* YOUR GOAL
Once the pictures are set aside, copy the data below exactly as it stands.

* COLLECTED MATERIAL
:::::
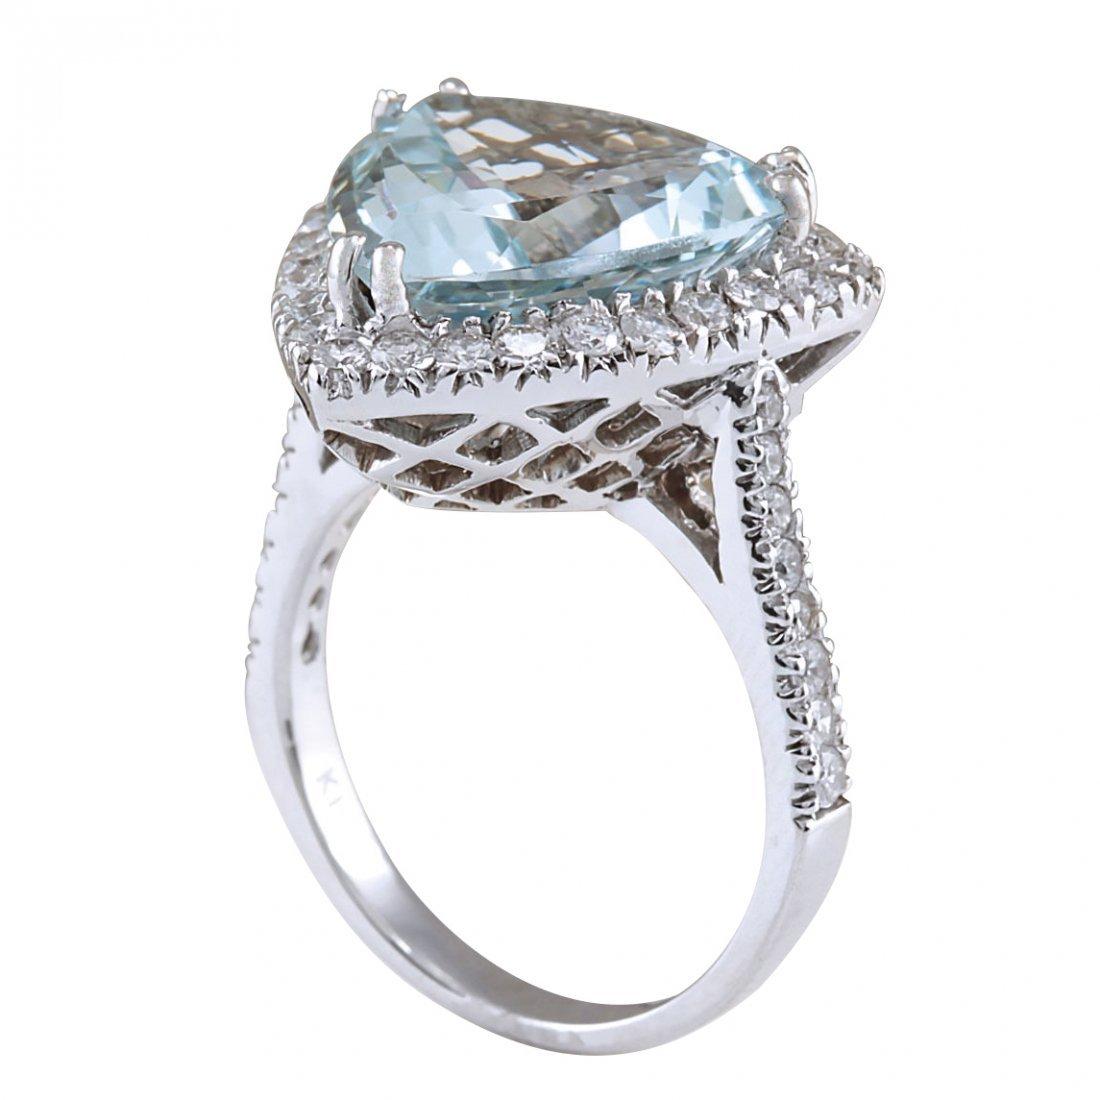 8.96CTW Natural Aquamarine And Diamond Ring In 14K - 3
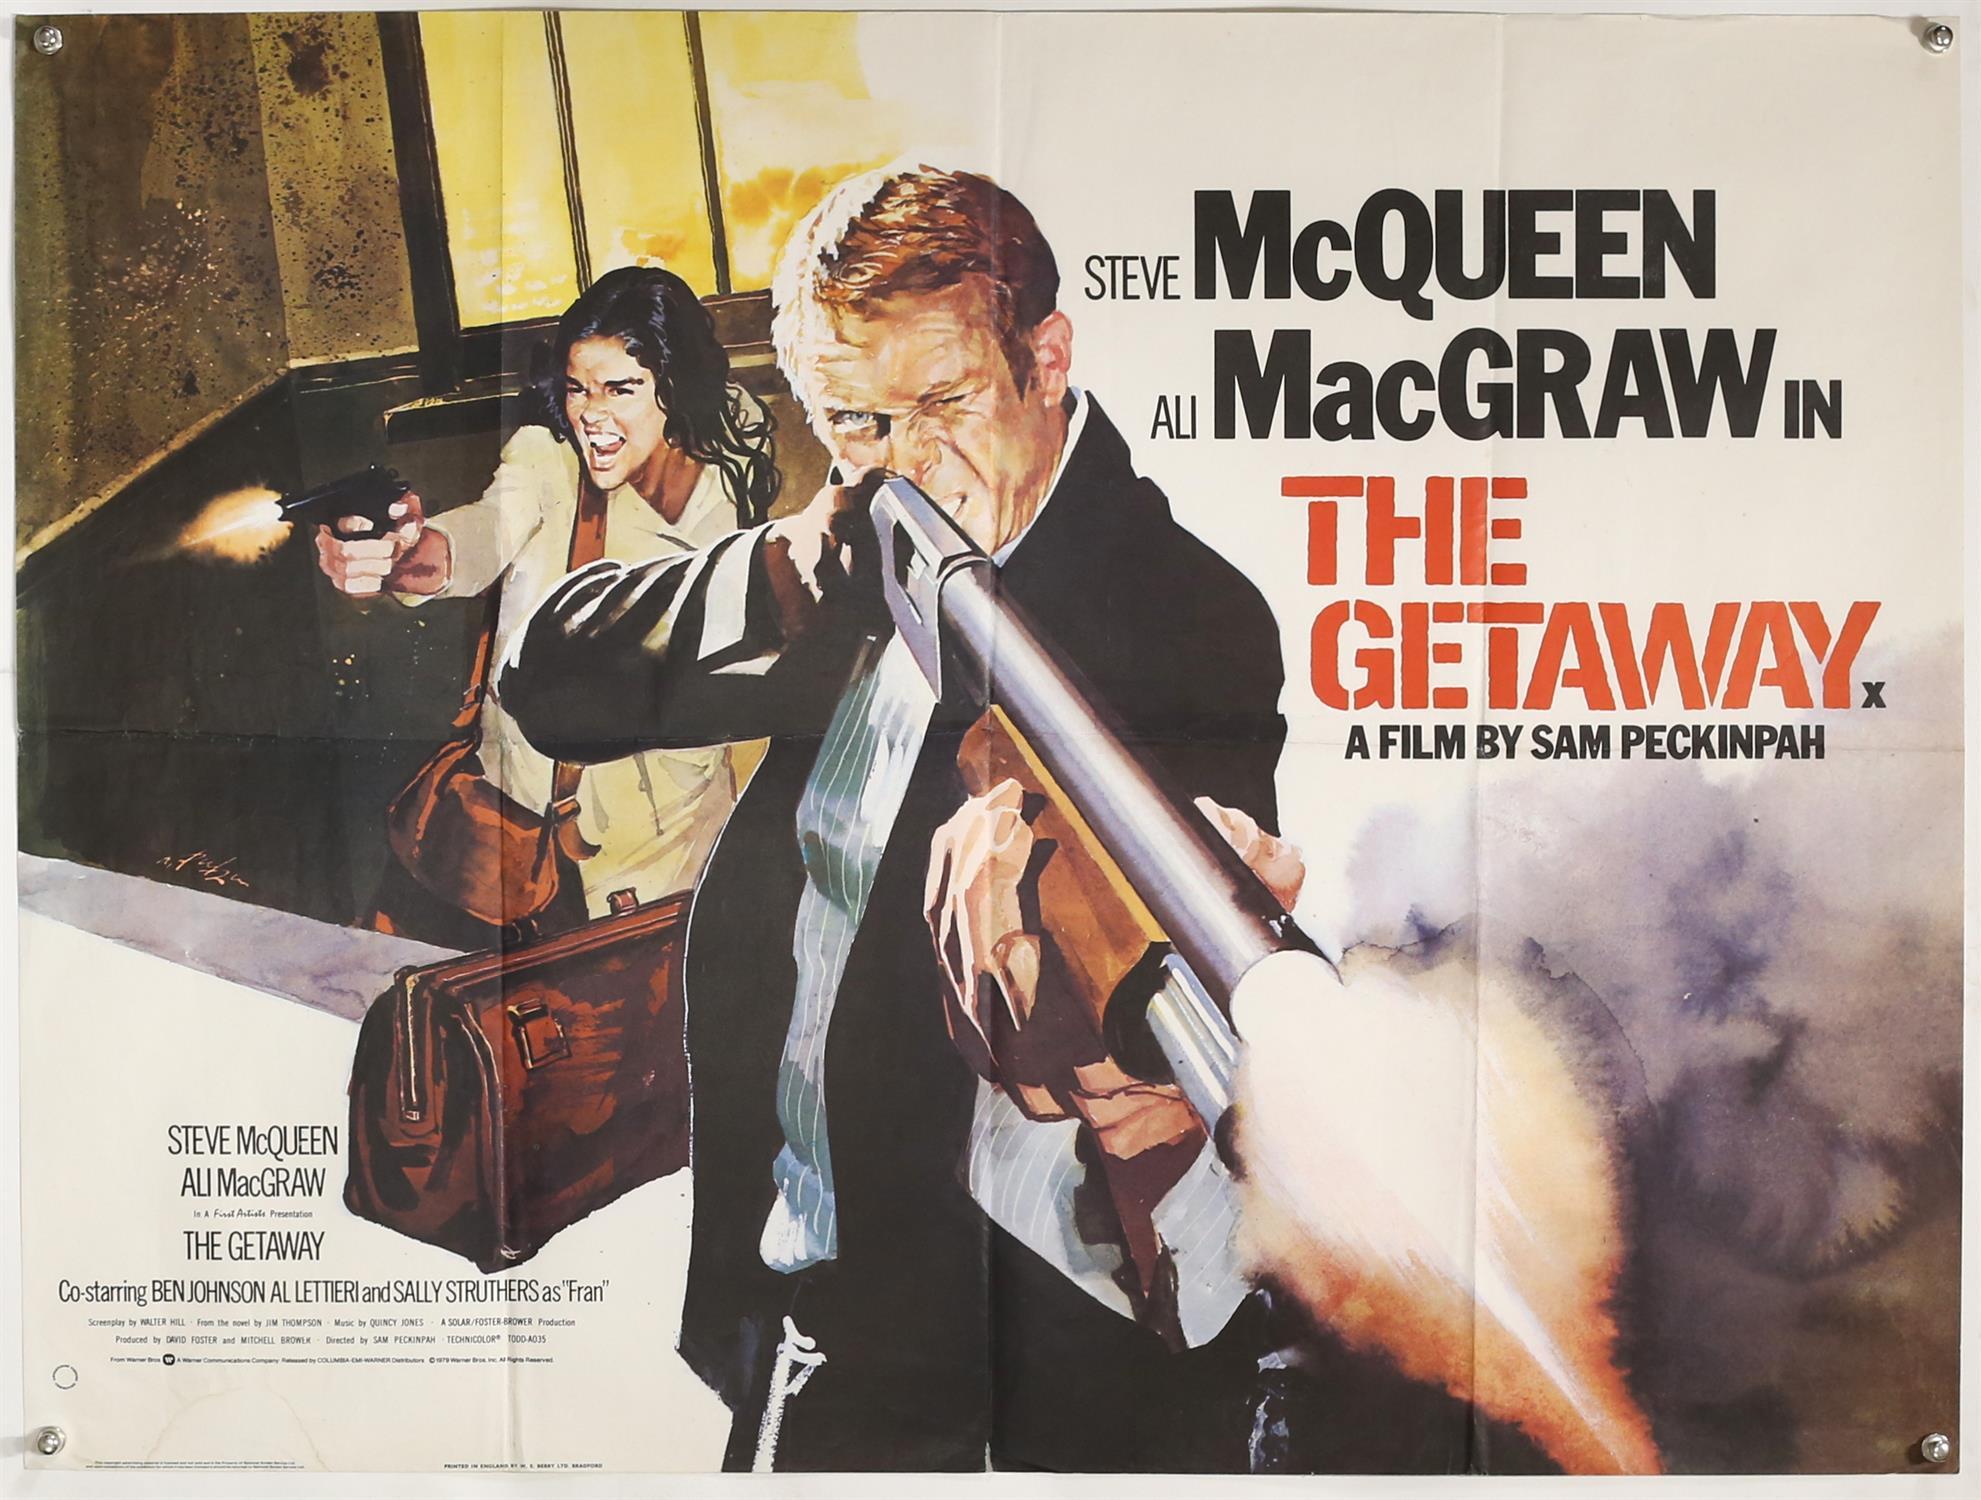 The Getaway (R-1979) British Quad film poster, artwork by Arnaldo Putzu, starring Steve McQueen,
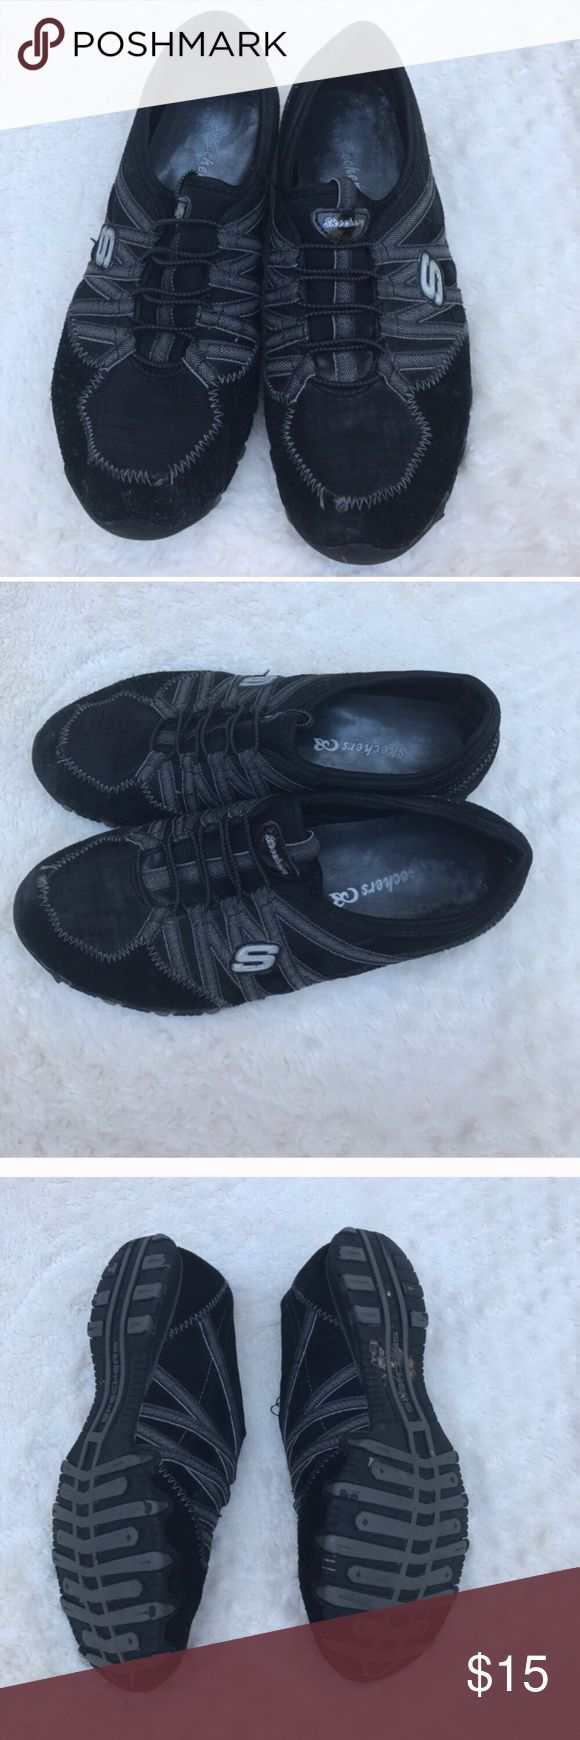 Size 8 black Skechers slip on shoes Size 8 black Skechers shoes Skechers Shoes Sneakers
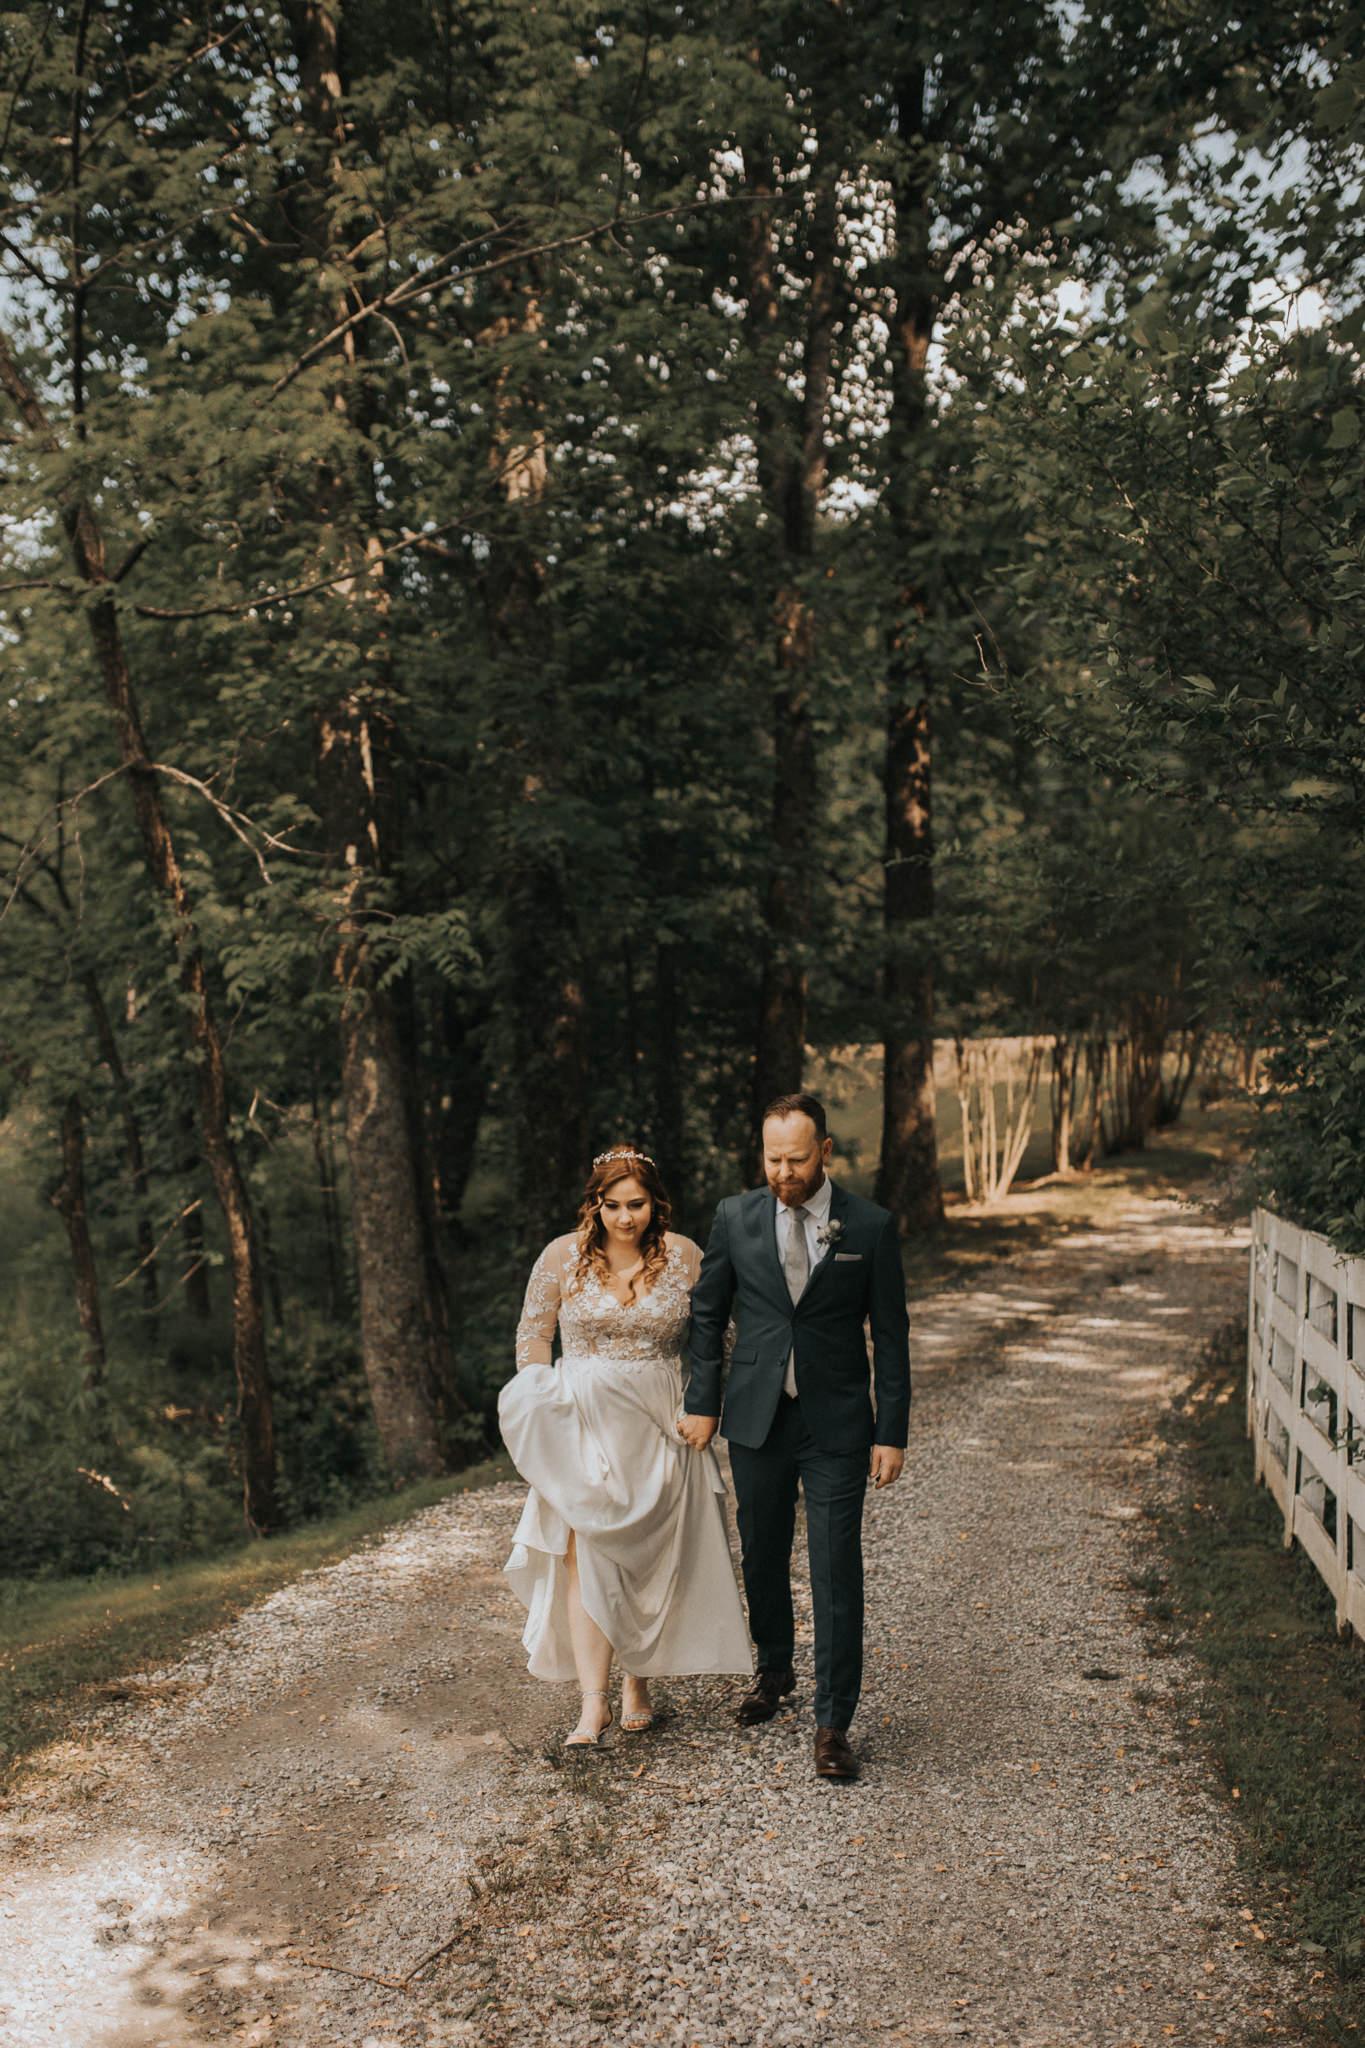 KateMatt-North-Georgia-Wedding-Photographer-Mountain-Laurel-Farm-46.jpg
:::::
* THE ANSWER
 8.96CTW Natural Aquamarine And Diamond Ring In 14K - 3
 The Getaway (R-1979) British Quad film poster, artwork by Arnaldo Putzu, starring Steve McQueen,
 Size 8 black Skechers slip on shoes Size 8 black Skechers shoes Skechers Shoes Sneakers
 KateMatt-North-Georgia-Wedding-Photographer-Mountain-Laurel-Farm-46.jpg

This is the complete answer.